Теперь они наедине. Точнее, втроём. «Кирилл, Лиза и я». Промывка мозгов активно продолжается. Изничтожая советский компонент русского мира и всячески восхваляя всё дореволюционное. Нахраписто, агрессивно, безапелляционно.

 Пытаясь сохранить собственное лицо, Солоухин, естественно, всячески отнекивается от решающей роли встреч с Кириллом Бурениным: «Можно подумать, если перечесть предыдущие страницы, что я сопротивлялся пропаганде Кирилла и только постепенно под ударами его сокрушающей логики, подкрепленной цифрами и фактами, уступал свои позиции, образовывался и прозревал. Чудесным образом все произошло иначе. Оказалось, что всё (кроме, может быть, цифр и фактов) уже давно жило во мне либо где-то в глубине подсознания, либо в сознании же, но отделённое от активной действующей части сознания глухой звуконепроницаемой перегородкой.
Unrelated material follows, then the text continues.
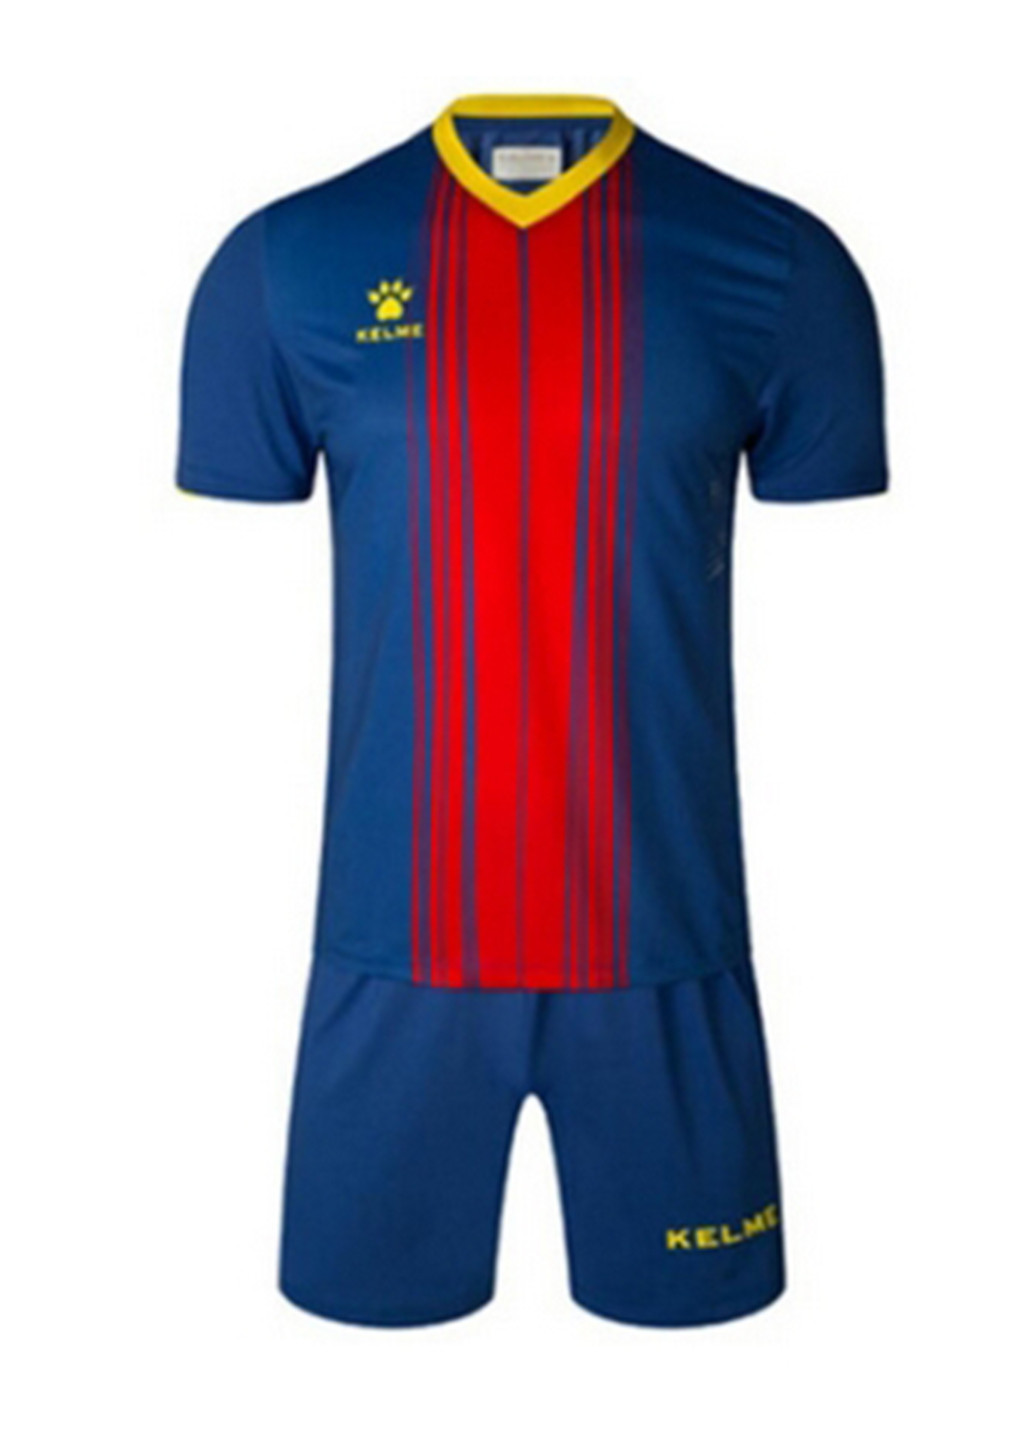 Синій демісезонний комплект футбольної форми barcelona т.синьо-червоний к/р Kelme

Может быть, происходила некая диффузия оттуда сюда, не более, но теперь перегородка вдруг прорвалась, лопнула».

Солоухин вжился в роль «настоящего русского писателя» и первенство в своём духовном перерождении никому не отдаст. Это для него принципиально – быть самодостаточным, монолитным и не подверженным никаким влияниям. Однако, факт остаётся фактом. Только после знакомства с Бурениным правоверный советский идеалист, который «всё понимает», становится последовательным и убеждённым антисоветчиком.

Причём, в этом деле возрождения-перерождения не обходится и без визита в дом «советника американского посольства». Как в начале 21 столетия, так и в 60-е годы века минувшего без американского посольства никакой духовный рост невозможен!

Буренин солирует: «Нас ждут на ужине в доме советника американского посольства. Владимир Алексеевич, вот ваш пригласительный билет. Сам он... Впрочем, это не важно. Жена у него – русская. Гадина. Контра. Внучка царского генерала. Обожает ваши книги, Владимир Алексеевич. Просила познакомить. Змея. Русская Жанна д'Арк. Готова на смерть. Махровая монархистка. Повесить на первом дереве. Культурнейший человек. Мать четырёх детей. Зовут Лика. Пошли!

Жизнь повернулась какой-то такой новой гранью, которая не снилась и во сне».

То есть, с одной стороны, писатель всячески упирает на свою активную роль в процессе, на то, что он действовал на равных со своими собеседниками. Но в действительности, вот эта оговорка насчёт «сна» многое объясняет. Поскольку именно слово «сон», некое состояние гипнотического забытья лучше всего объясняет то, что творилось с Солоухиным.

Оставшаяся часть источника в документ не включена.